DATASET CONTENT:
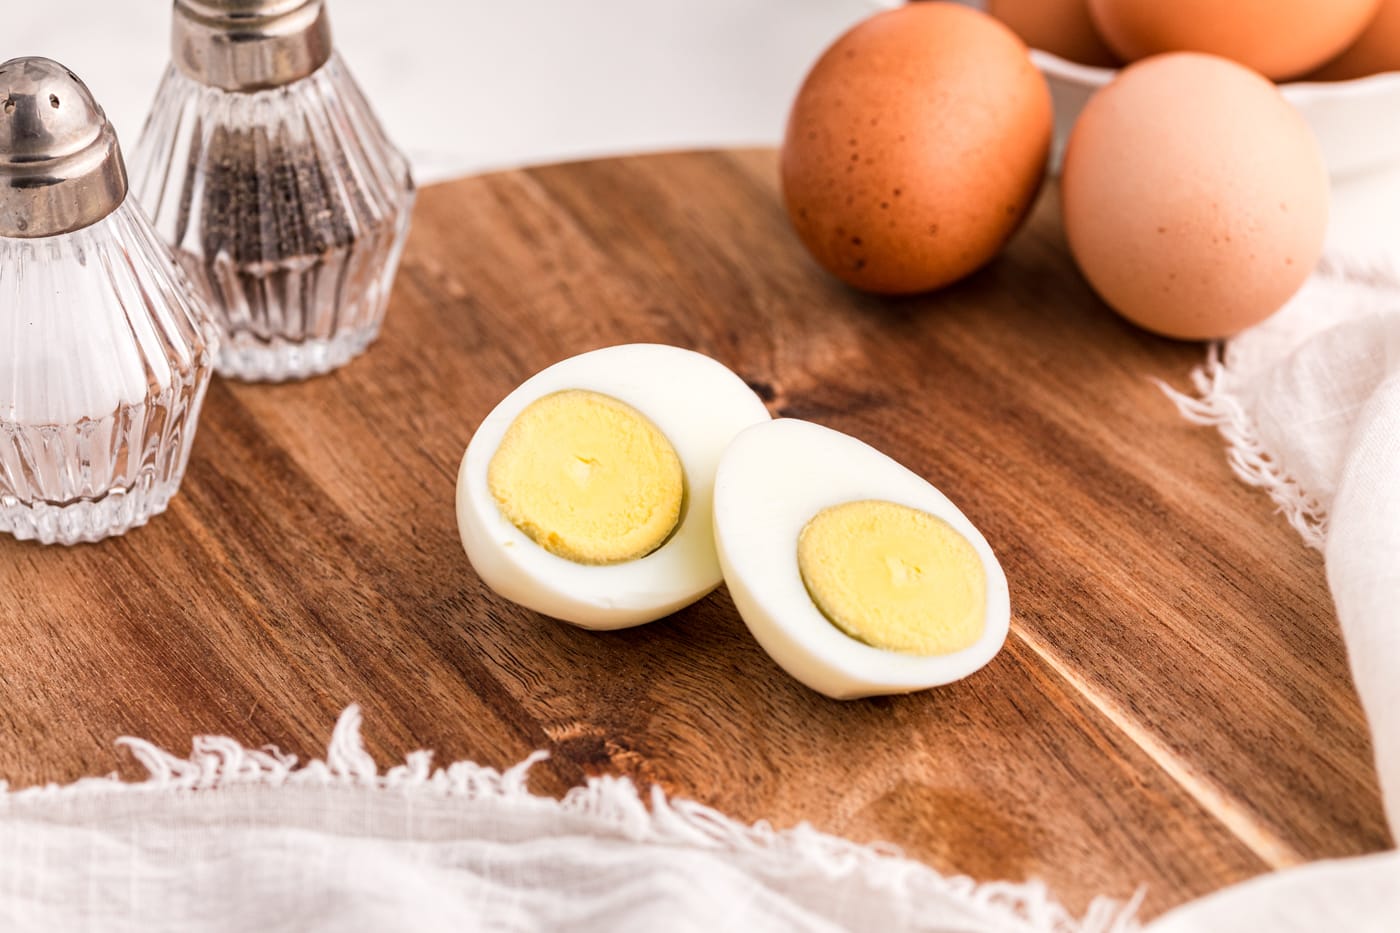 https://www.cleaneatingkitchen.com/wp-content/uploads/2022/01/crockpot-hard-boiled-eggs-hero.jpg
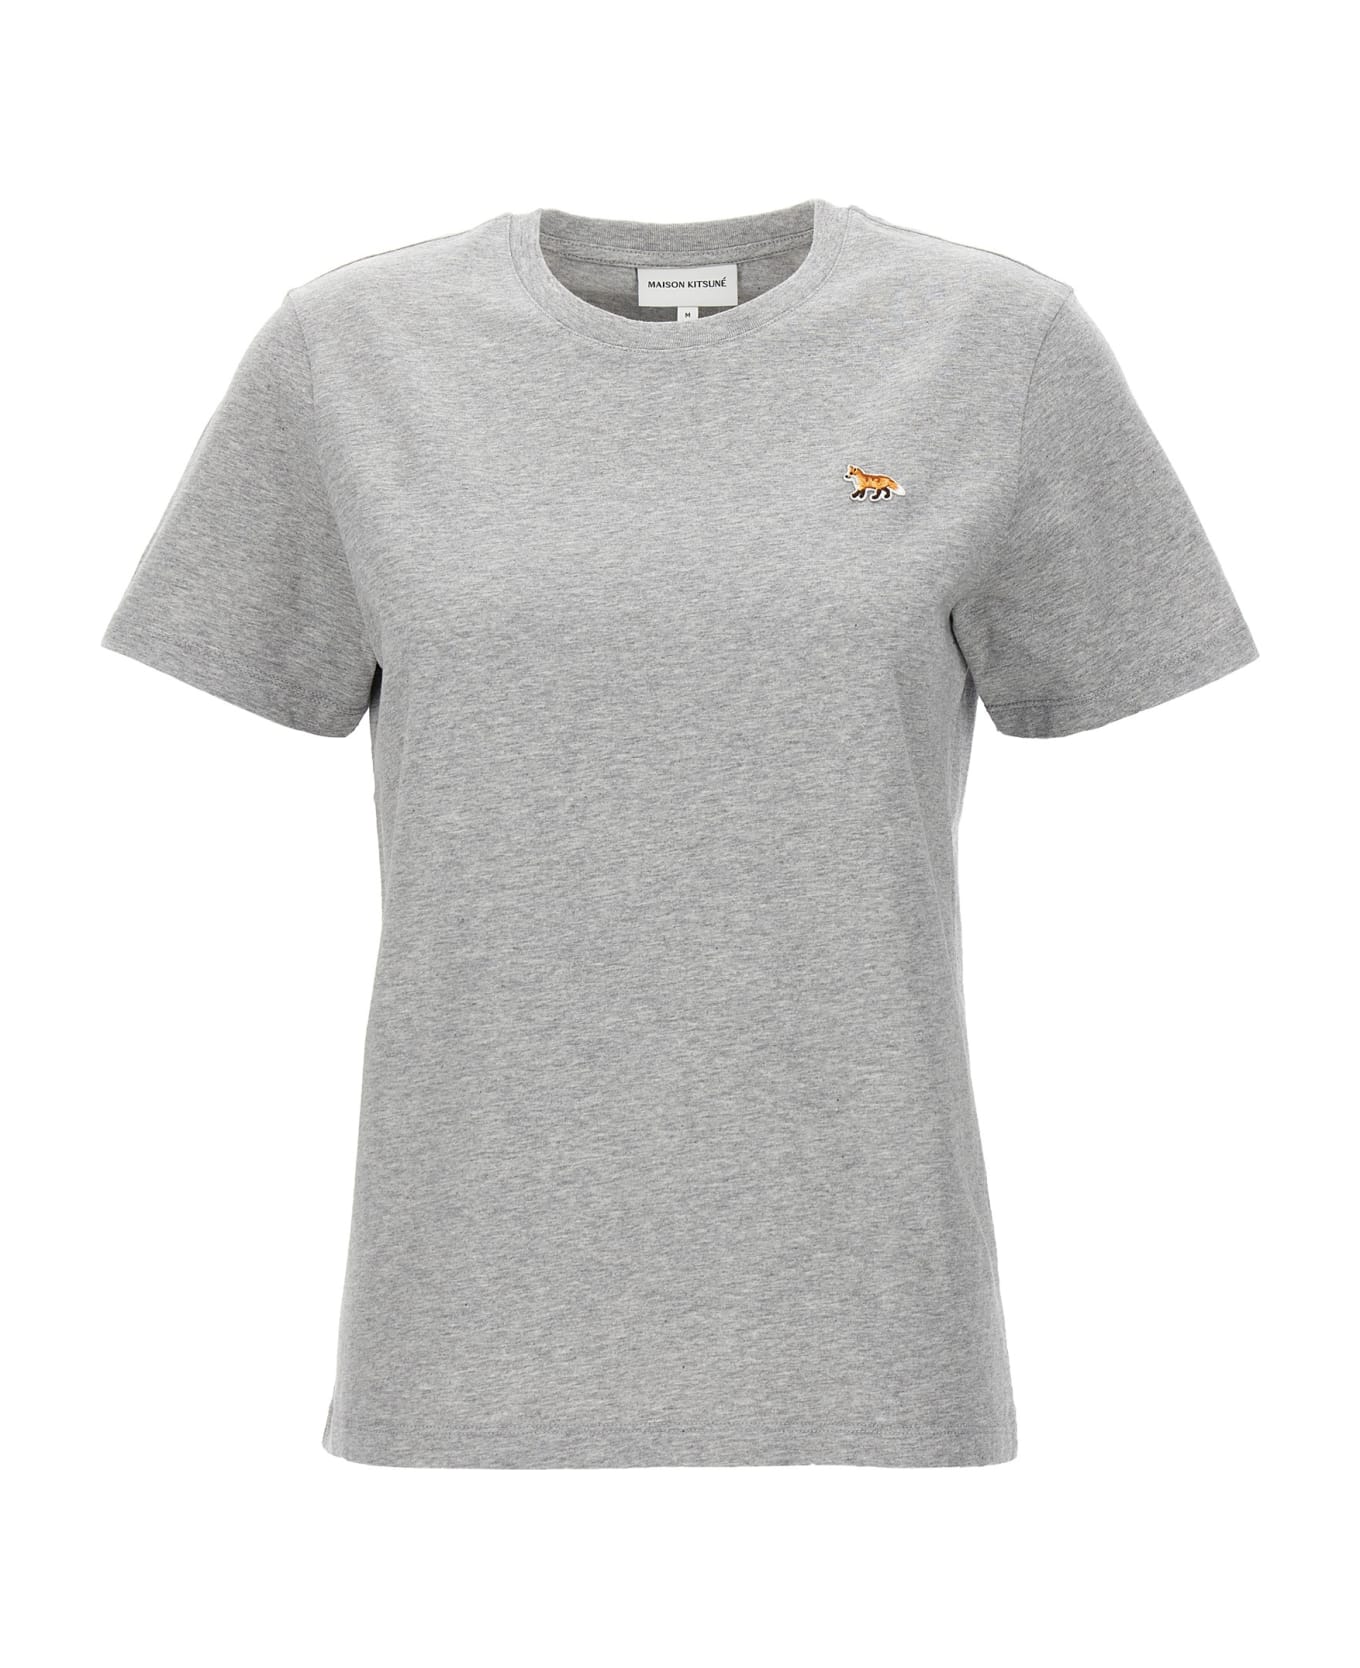 Maison Kitsuné 'baby Fox' T-shirt - Gray Tシャツ
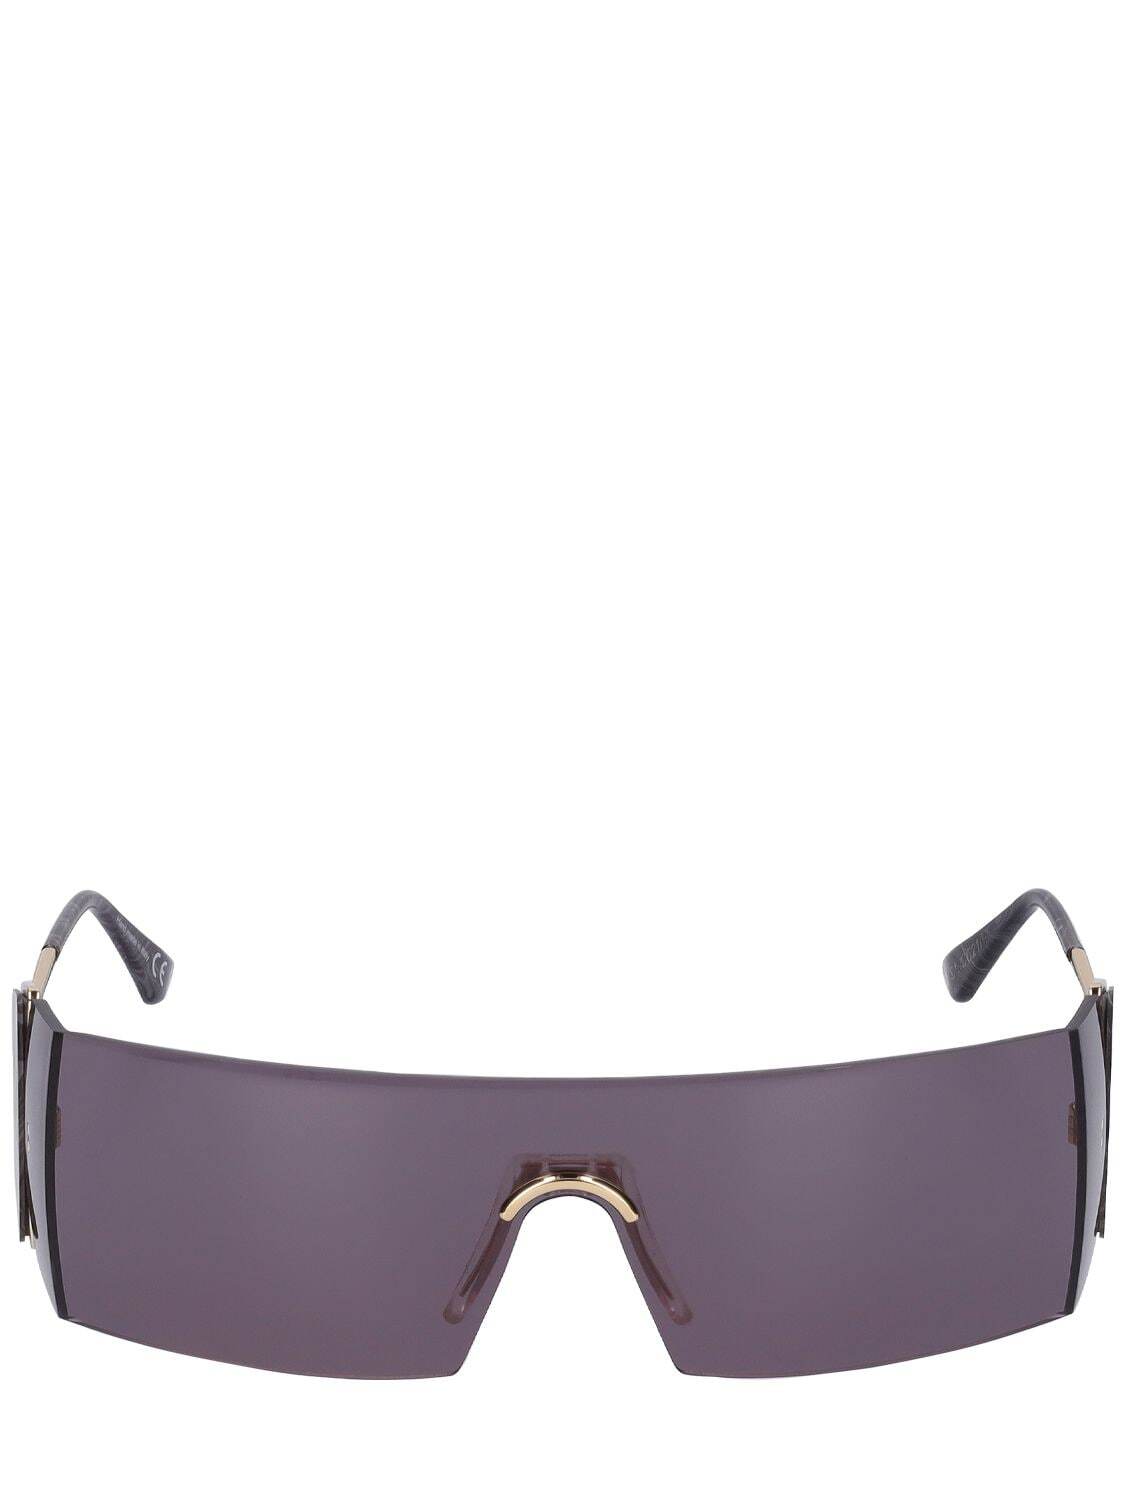 RETROSUPERFUTURE Pianeta Squared Mask Sunglasses in black / multi
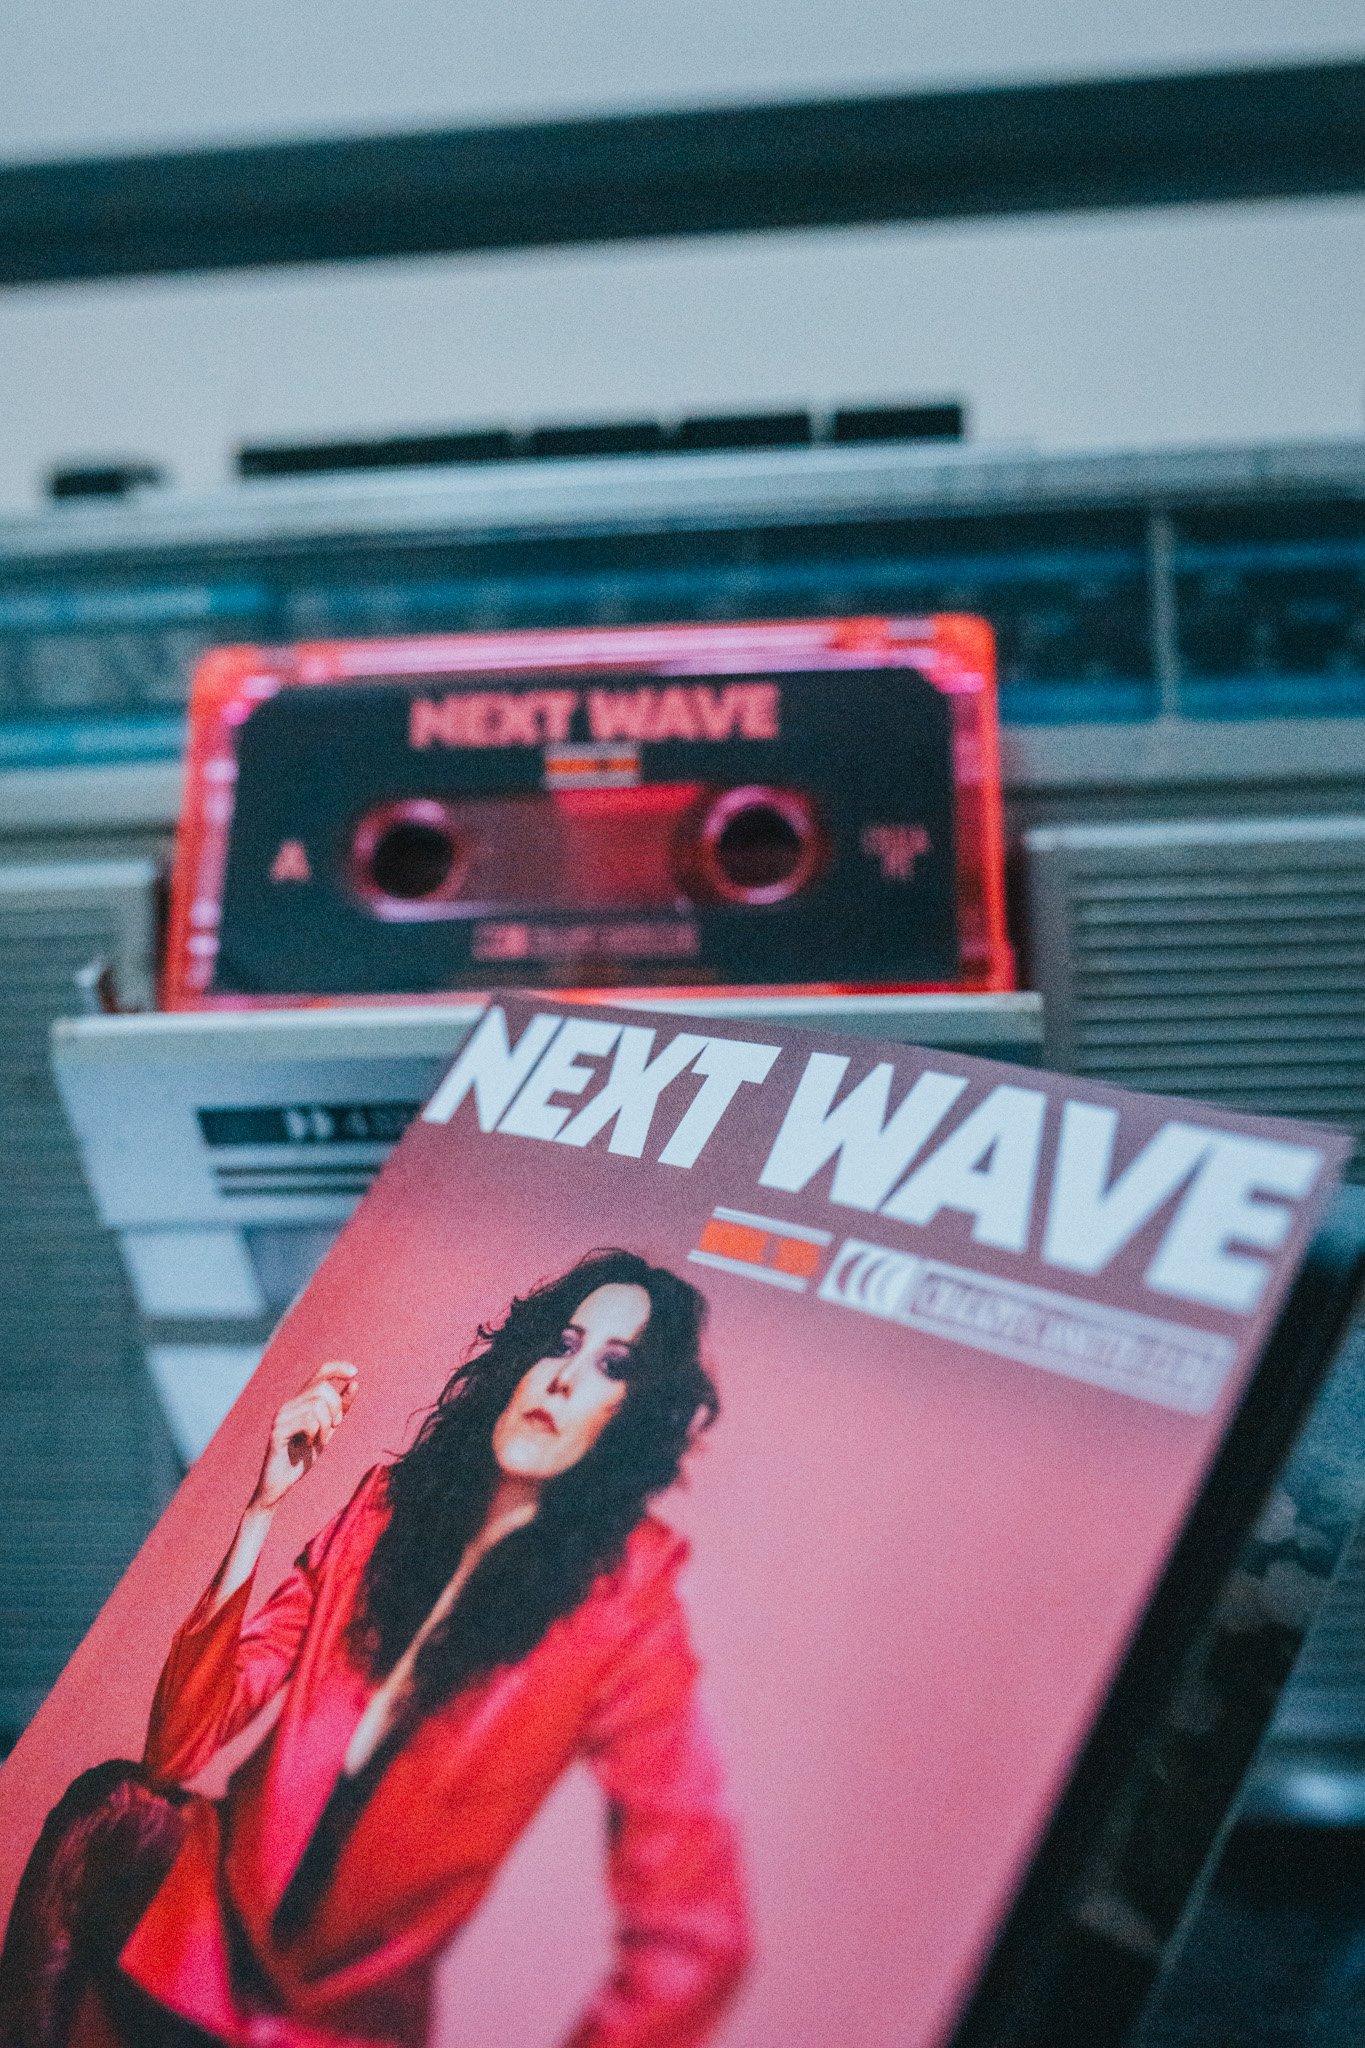 Next Wave Volume 15 - Product Photo-7.jpg

TASK TO CARRY OUT:
Take the line that holds "Maison Kitsuné 'baby" as the start and the last line of the data as the end. Copy only those lines exactly, both ends included, except the pictures.

THE ANSWER:
 Maison Kitsuné 'baby Fox' T-shirt - Gray Tシャツ
 RETROSUPERFUTURE Pianeta Squared Mask Sunglasses in black / multi
 Next Wave Volume 15 - Product Photo-7.jpg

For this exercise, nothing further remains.